10. The method of claim 6, wherein the conjugate dose of about 30 mg/m2 is capped at BSA 2.2 m2.

11. The method of claim 7, wherein the conjugate dose of about 36 mg/m2 is capped at BSA 2.2 m2.

12. The method of claim 1, wherein the conjugate dose is administered at a maximum of about 80 mg.

13. The method of claim 1, wherein the ovarian cancer is high grade serous ovarian cancer.

14. The method of claim 13, wherein the high grade serous ovarian cancer is fallopian tube cancer or primary peritoneal cancer.

15. The method of claim 1, wherein the subject is administered the NaPi2b-targeted antibody polymer-drug conjugate on the first day of treatment and every four weeks thereafter for up to 18 cycles.

16. The method of claim 1, wherein the subject has received treatment with 4 to 8 cycles of platinum-based chemotherapy with no evidence of disease (ned)/complete response (cr)/partial response (pr)/ or stable disease (sd) as best response.

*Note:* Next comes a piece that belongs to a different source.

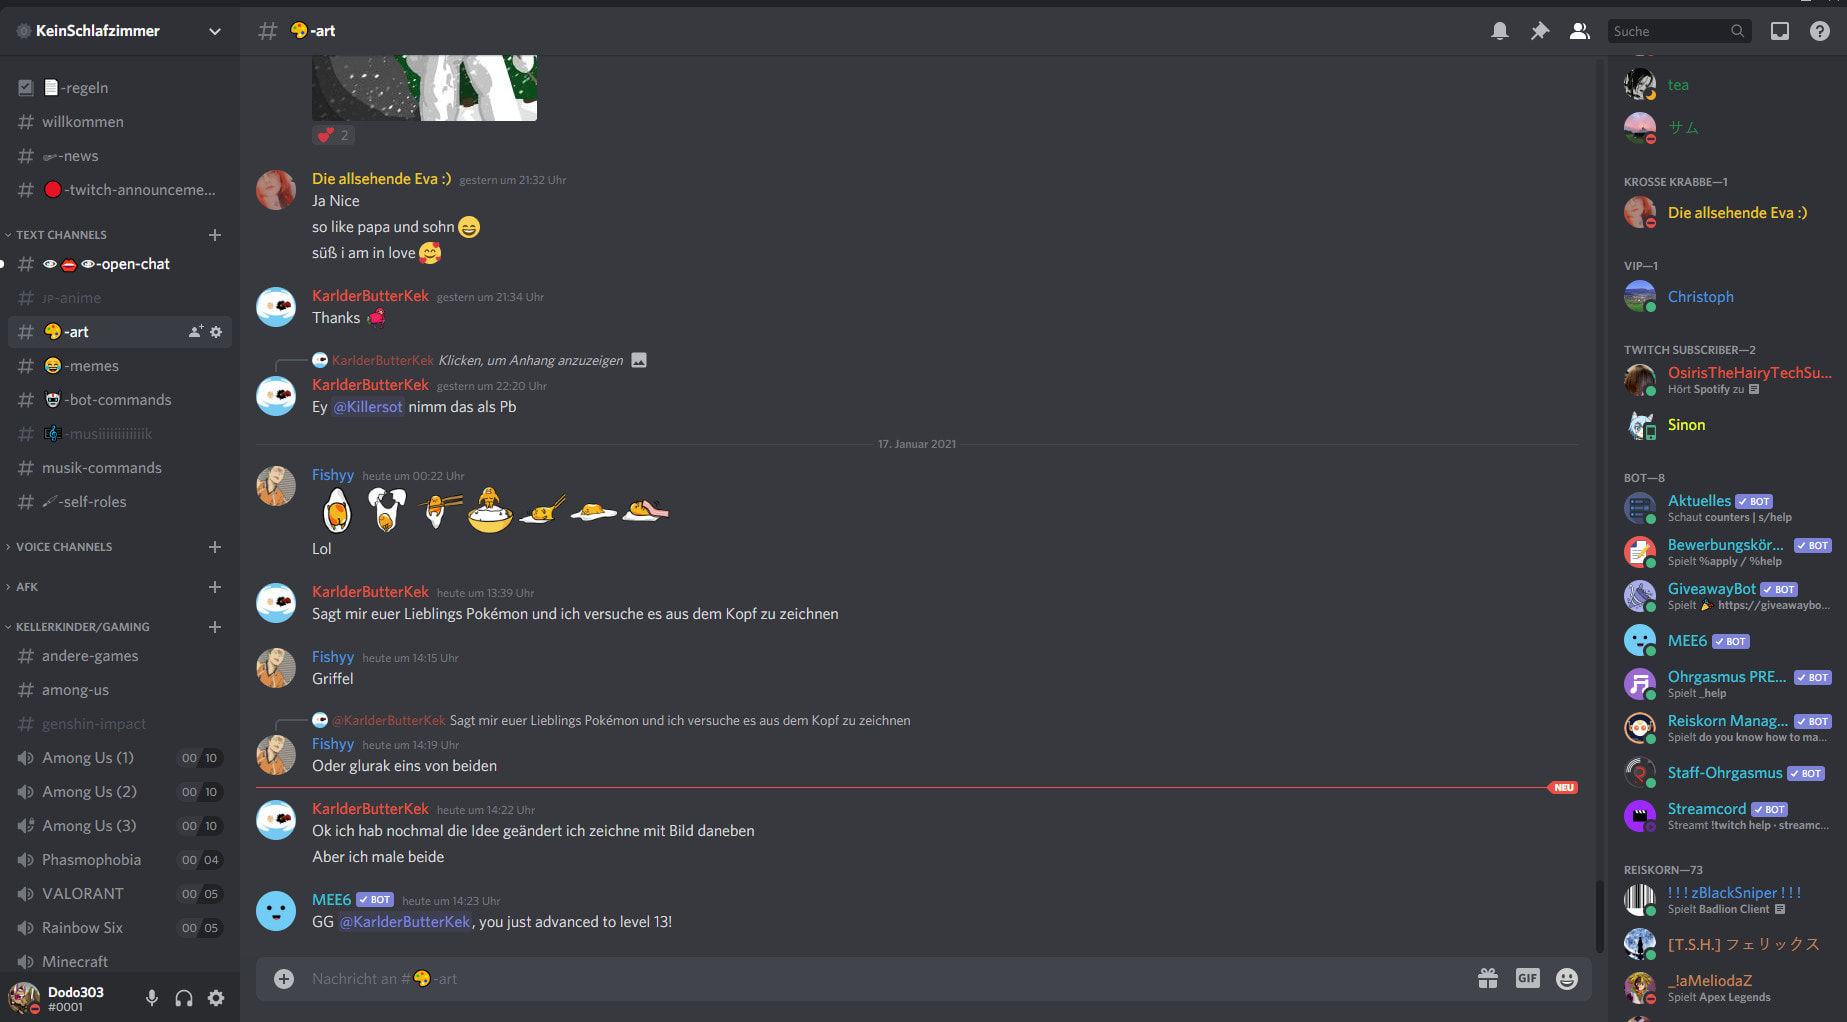 valorant-discord-for-new-players-image-to-u

17. The method of claim 1, wherein the subject has stable disease as best response to their most recent platinum-based regimen.

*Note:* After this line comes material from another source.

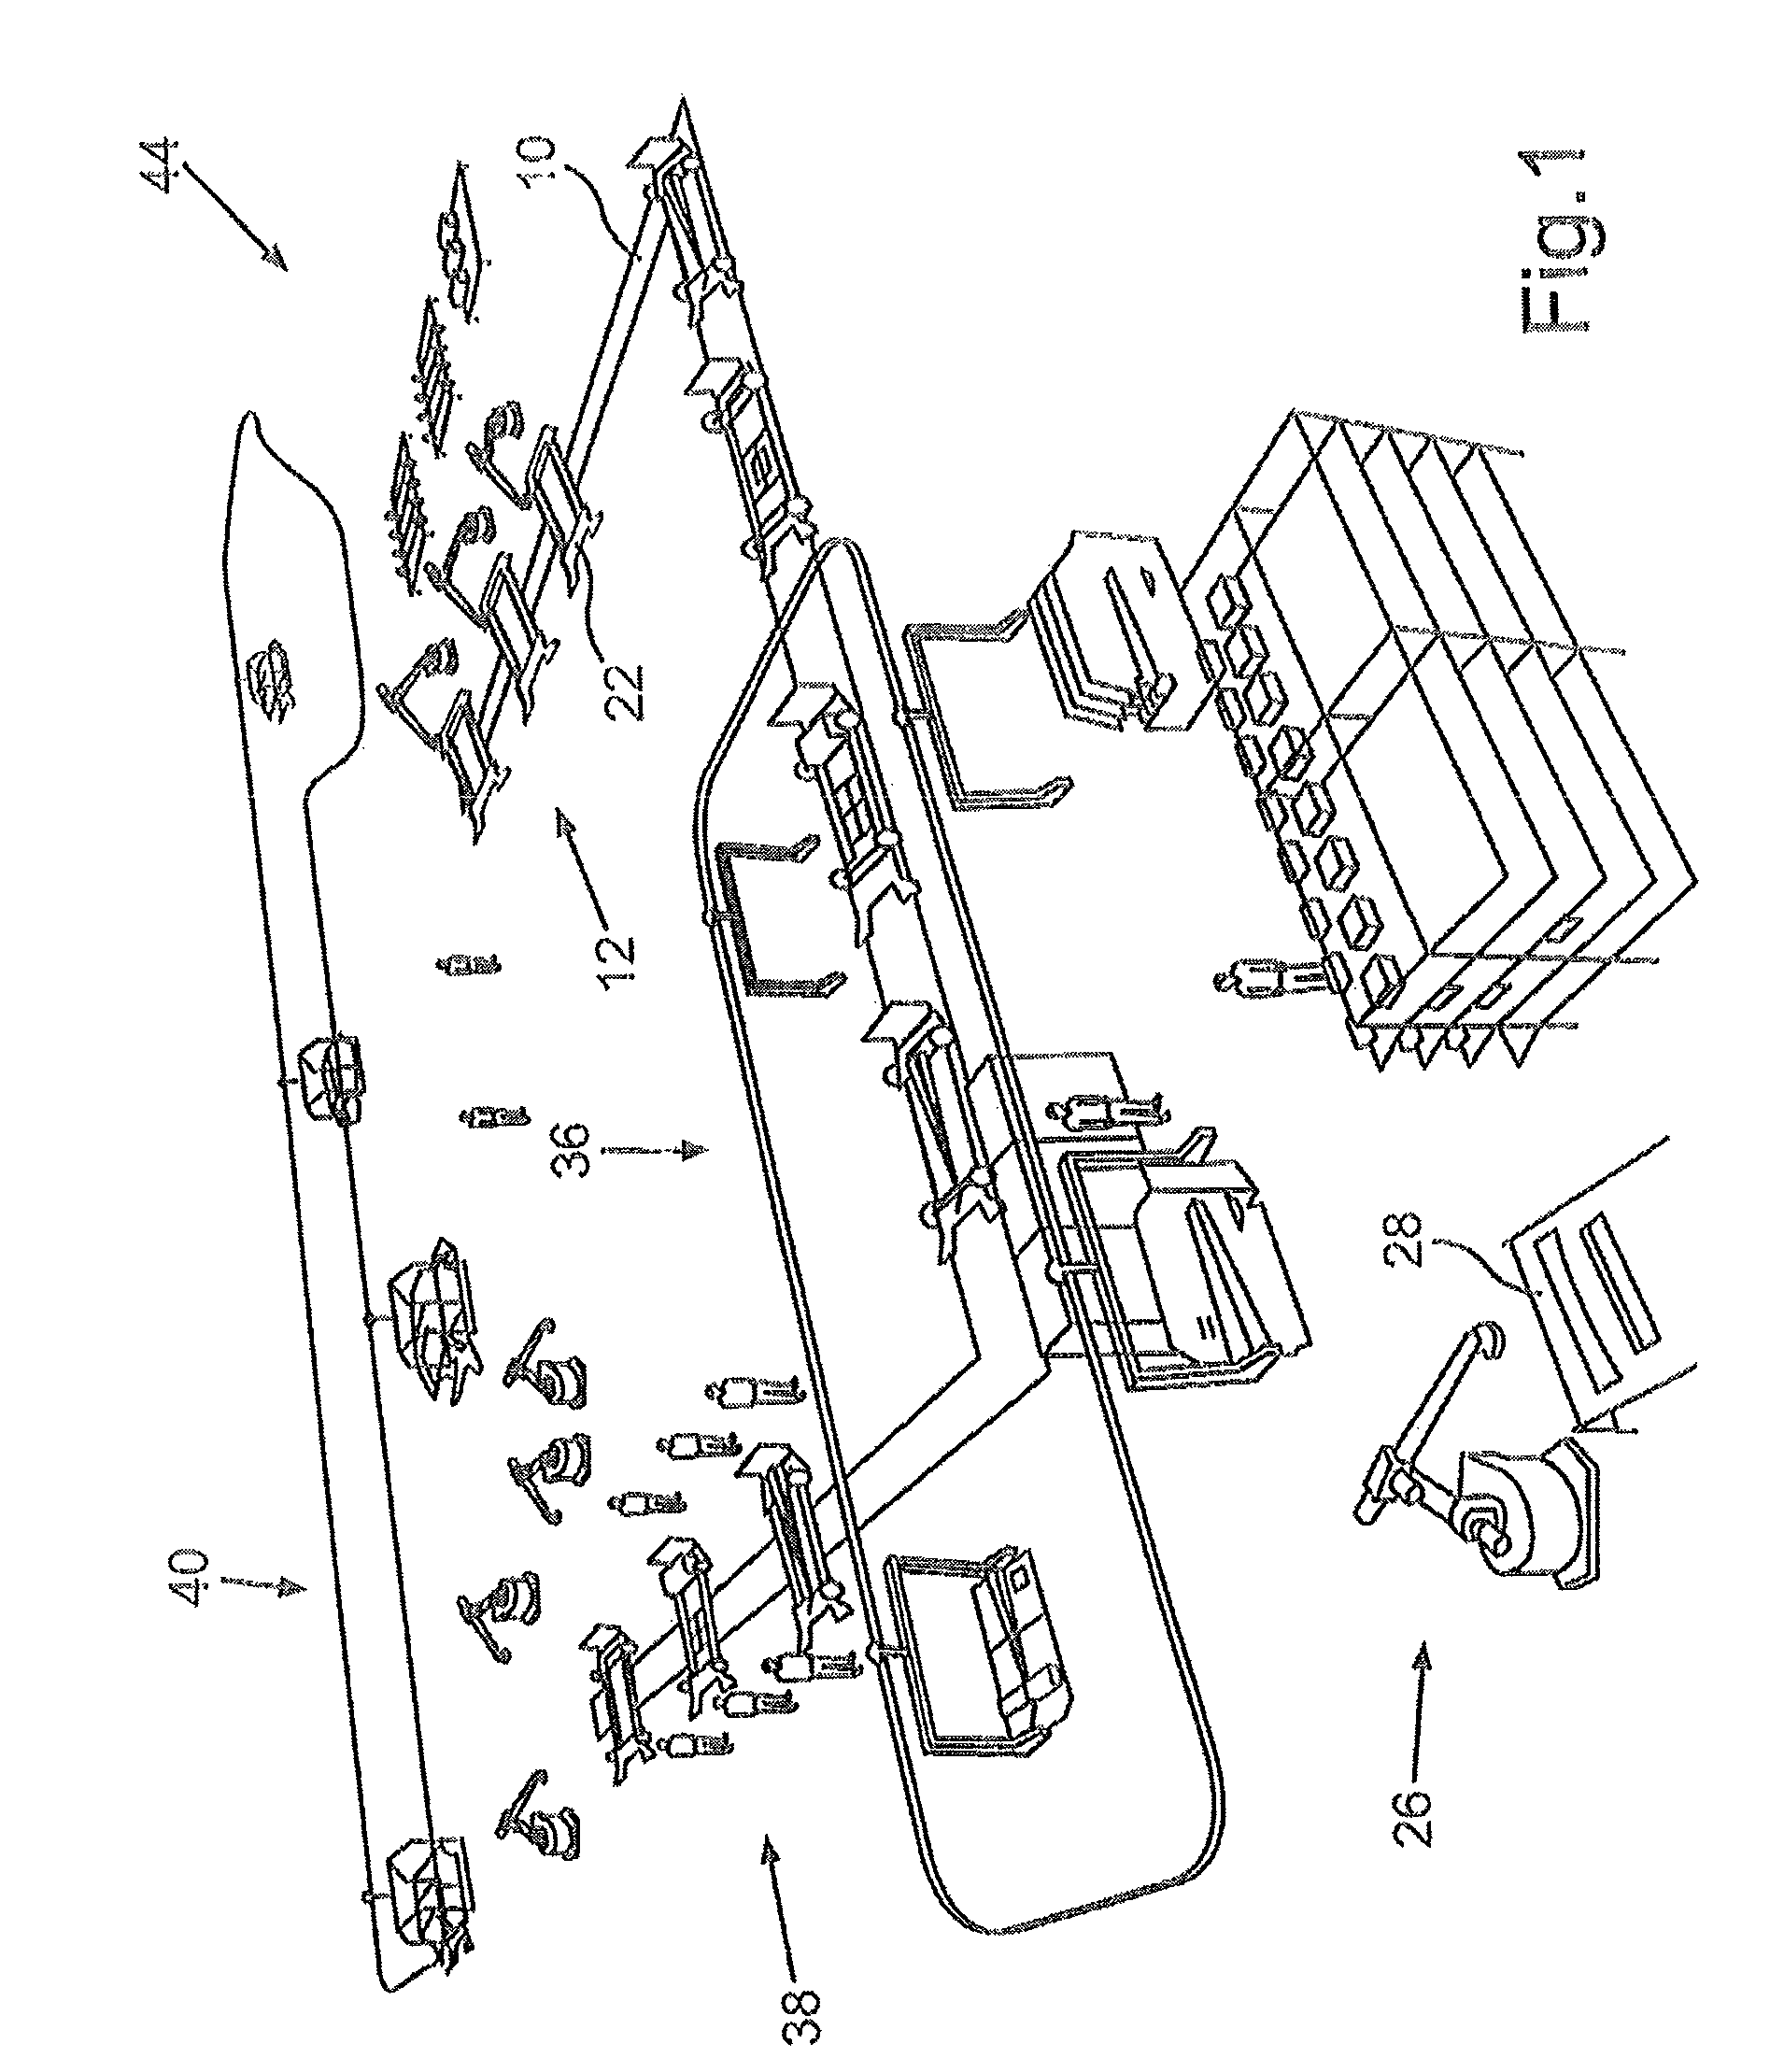 Method for fitting motor vehicle suspension systems

18. The method of claim 1, wherein the subject experiences reduced and/or no progression of the ovarian cancer following treatment with the NaPi2b-targeted antibody polymer-drug conjugate relative to treatment with placebo.

19. The method of claim 1, wherein the subject experiences improved progression-free survival following treatment with the NaPi2b-targeted antibody polymer-drug conjugate relative to treatment with placebo.

20. The method of claim 1, wherein PHF has a molecular weight ranging from about 5 kDa to about 10 kDa, m is an integer from 30 to about 35, m1 is an integer from 8 to about 10, m2 is an integer from 2 to about 5, m3a is an integer from 0 to about 1, m3b is an integer from 1 to about 2, the sum of m3a and m3b ranges from 1 and about 4, and m5 is an integer from about 3 to about 4.

21. The method of claim 1, wherein the ratio between m2 and XMT-1535 is about 16:1 to 10:1.

22. The method of claim 19, wherein the ratio between m2 and XMT-1535 is about 12:1 to 8:1.

23. The method of claim 19, wherein the ratio between m2 and XMT-1535 is about 10:1.